◆ **Work item**
Where the listing below has a line with "[ParadiseGom] GoddessLife ~デメテル編~", write out exactly that line and every line after it, stopping after the line with "Humi Xiaomi June 5 17 Teaser".

◆ **Exercise data**
=-=-=

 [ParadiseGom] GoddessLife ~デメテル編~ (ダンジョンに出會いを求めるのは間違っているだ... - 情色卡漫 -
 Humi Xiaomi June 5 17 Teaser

=-=-=

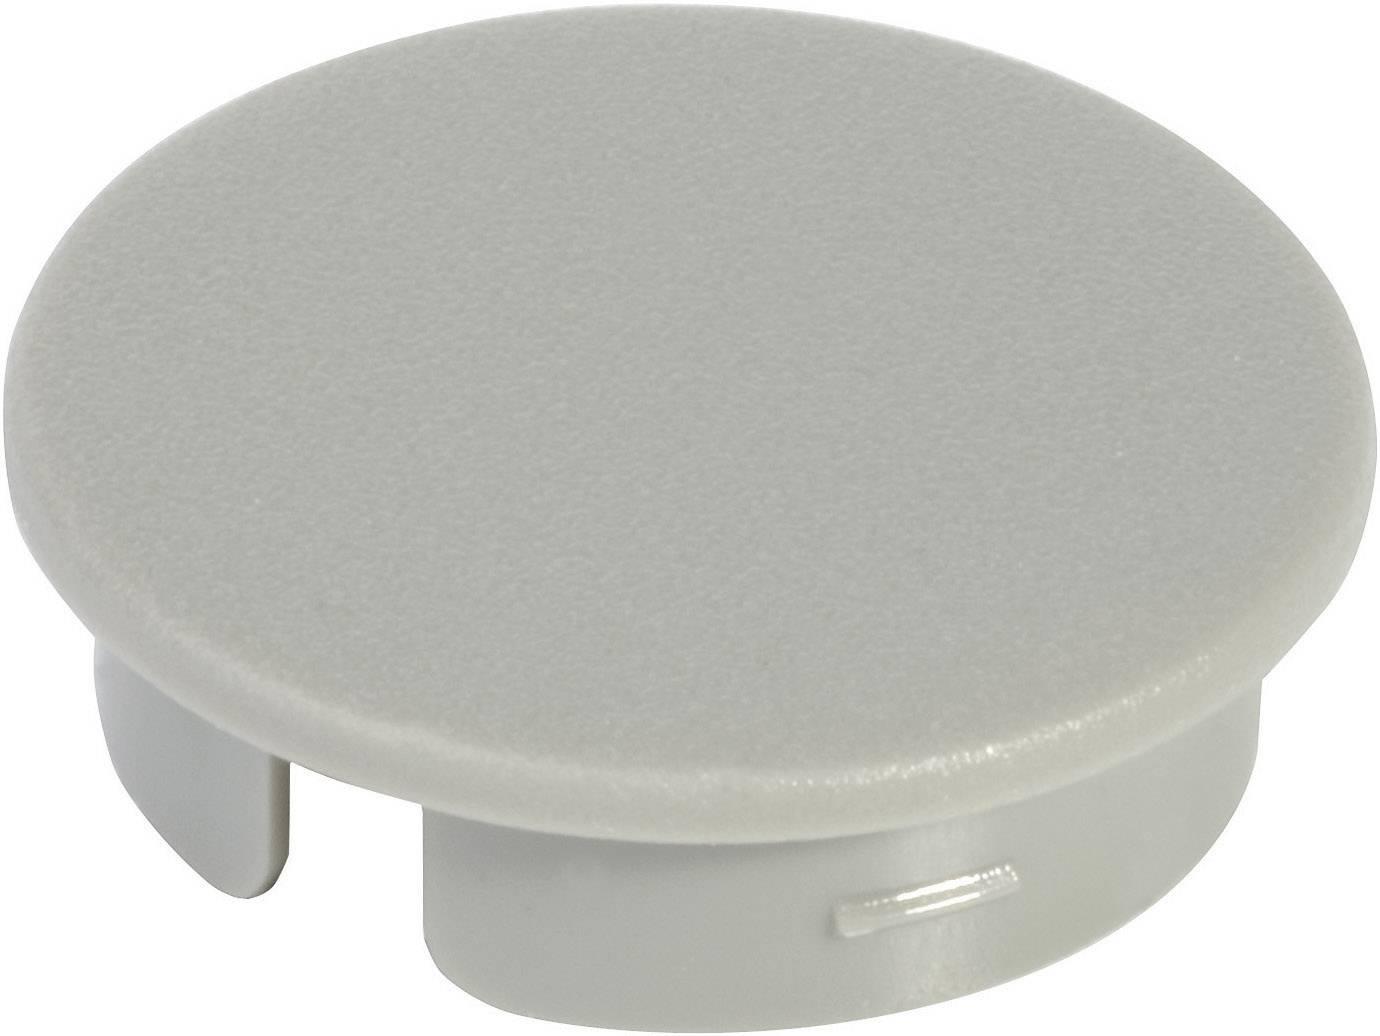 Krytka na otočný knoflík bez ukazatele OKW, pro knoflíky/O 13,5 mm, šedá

=-=-=

◆ **Exercise solution**
 [ParadiseGom] GoddessLife ~デメテル編~ (ダンジョンに出會いを求めるのは間違っているだ... - 情色卡漫 -
 Humi Xiaomi June 5 17 Teaser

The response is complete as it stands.